Князь даже пошатнулся от ее речей. Холодный пот выступил на его челе, и голова закружилась. Ведь всю свою душу он положил в любовь эту. Что жена? Что клятвы? Что геенна огненная? Он обрек себя на всякое мученье!
И князь со стоном повалился на колени и поднял руки. Боярыня тихо отодвинулась и скорбно покачала головою.

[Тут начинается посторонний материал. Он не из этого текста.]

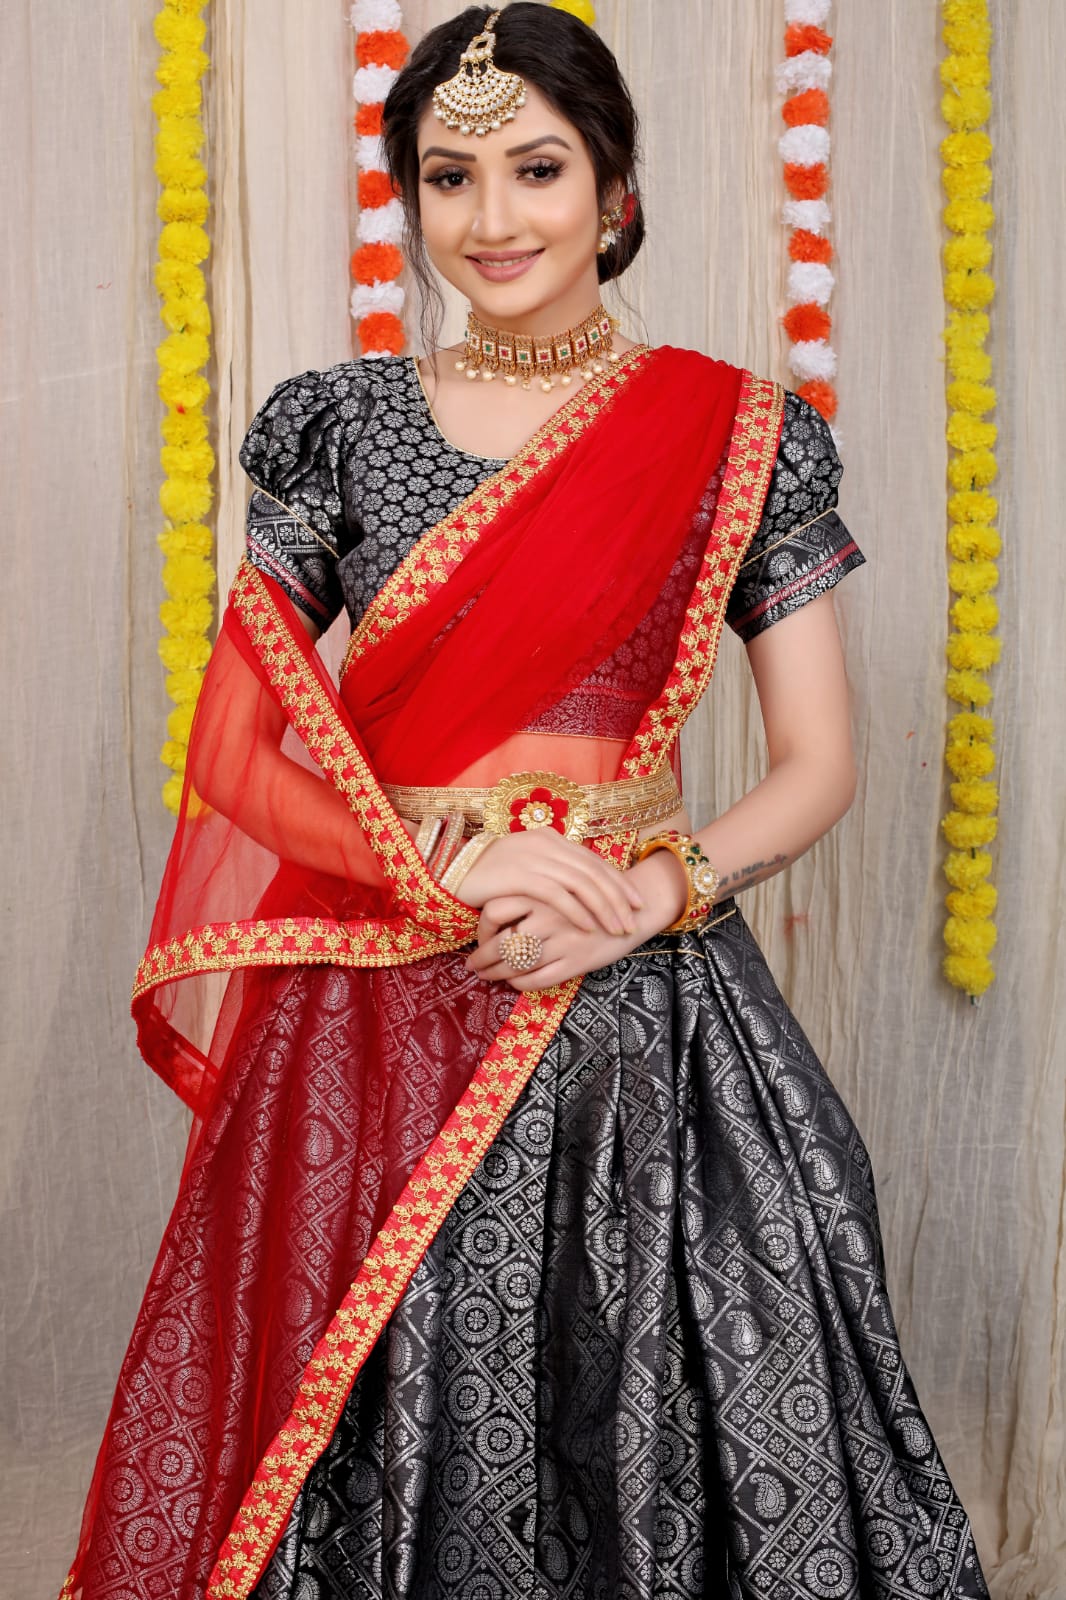 Red Georgette Ruffle Border Sari Party Wear Lehenga Saree Bollywood Style  Choli | eBay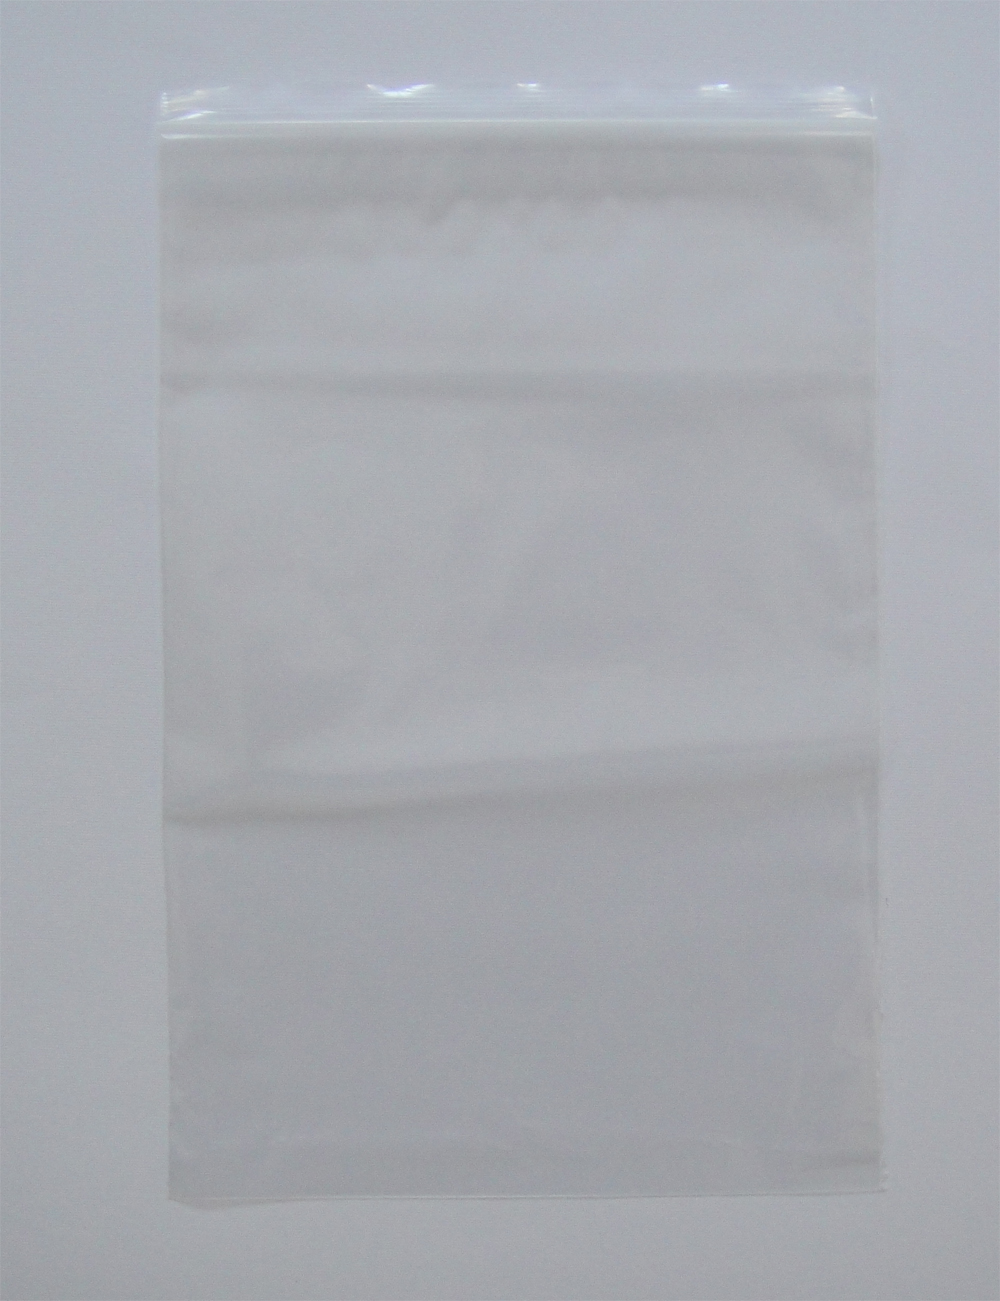 300 x Grip Seal Resealable Poly Bags 2.25" x 2.25" GL1

— Не убивайся, князь! Того ли убиваться, что от окаянства отступились, блудом не согрешили, беса не утешили? Радоваться тому надо! Каждому от Господа крест свой!
И речь ее полилась плавно, тягуче, зажурчала, что ручей.
Она говорила о своем окаянстве, о грехе, который всю жизнь замаливать теперь надо, о клятвопреступлении, разбитых сердцах и усталых душах.
И, слушая ее, Терентий понемногу проникся ее настроением, и ему стало больно и горестно за свое окаянство.
Истинно говорил про боярыню Борис Иванович после беседы с нею: «Насладился я паче меда и сота словес твоих душеполезных!»
А речь ее лилась. Она заговорила о новом времени, готовящем всем верным испытания за веру в Господа. Твердость нужна, чистота духовная, ибо грядет антихрист.
— Смотри, сколько верных уже приняли мученья. Неронов бит шелепами[55], с цепью на шее, аки пес, дыне в темницу ввержен, Аввакум в Тобольске крест несет в холоде и голоде, а впереди много их, много, и всем Господь уготовит сан ангельский!…
Лицо ее горело, глаза пророчески смотрели вдаль, она словно выросла.
— Время ли предаваться блуду и окаянству, когда скорбь кругом. Там война, и кровь льется, там глад, хлад и болезни, всюду плач и стенания, и готовится всем скорбь великая! Так-то, княже, — окончила она вдруг усталым голосом, — будем прямить друг другу и честью расстанемся.
— Твоя воля, — покорно ответил князь и, поклонившись до земли, вышел из моленной.
Боярыня долго смотрела ему вслед. Потом лицо ее озарилось улыбкою торжества, и она с чувством сказала:
— Благодарю, Господи, что пособил осилить лукавого!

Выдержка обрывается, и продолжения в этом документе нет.